Blame it on the A-A-Alcohol

image source: brisbane times

A recent study conducted in Europe found that for regular drinkers, an extra drink increases overall cancer risk.  The study does not prove that alcohol causes cancer.  Alcohol is still a risk factor for cancer.  This means that drinking alcohol will increase chances for cancer.  Click here for the full article.

Alcohol breaks down the lining of the digestive tract and allows harmful chemicals (which can cause cancer) through.  Excessive drinking can cause other health risks, such as alcohol poisoning, liver disease, stroke, cardiovascular problems, unintentional injuries, and many more.

However, many studies have linked MODERATE drinking to some possible health benefits.  According to the brainiacs of Harvard, moderate amounts of alcohol raise levels of high-density lipoprotein (HDL or “good cholesterol”) and higher levels of HDL can help protect against heart disease.

So what’s a moderate amount?  1-2 drinks per day for men and 1 drink per day for women.  And what’s considered to be 1 drink?  1 drink = 12 oz beer (1 can) or 5 oz wine (1 glass) or 1.5 oz hard alcohol (1 shot).
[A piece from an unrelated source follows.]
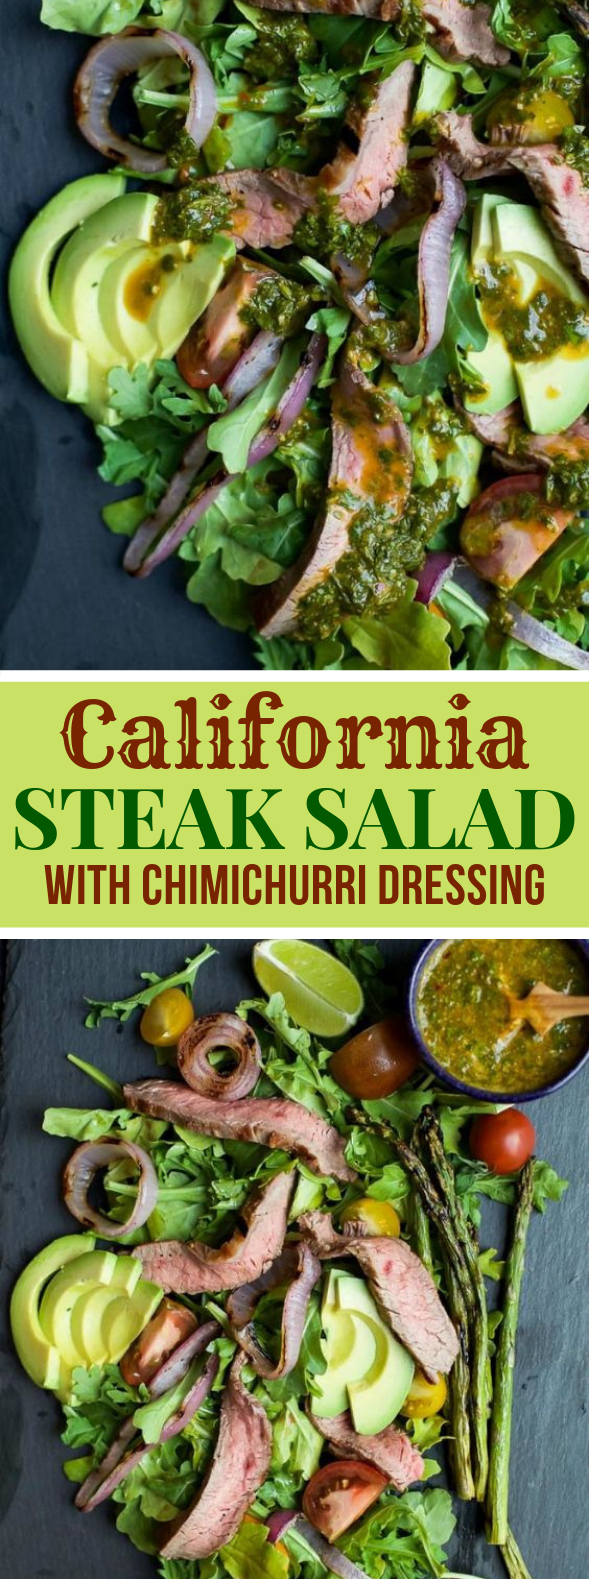 California Steak Salad with Chimichurri Dressing #vegetarian #fooddressing

This does not mean that you need to start drinking, especially if you’re not 21 yet!  Here are some CONSEQUENCES OF UNDERAGE DRINKING:

  • Alcohol-related car crashes
  • Disruption of normal growth and sexual development
  • Memory problems

Youth who start drinking before age 15 years are five times more likely to develop alcohol dependence or abuse later in life than those who begin drinking at or after age 21 years (CDC).  If you want to learn more about alcohol prevention and how to get involved, then check out Stop Underage Drinking.

For those who don’t drink or are not yet of age, don’t think you need to start just to protect your heart. Healthy eating and regular exercise will suffice.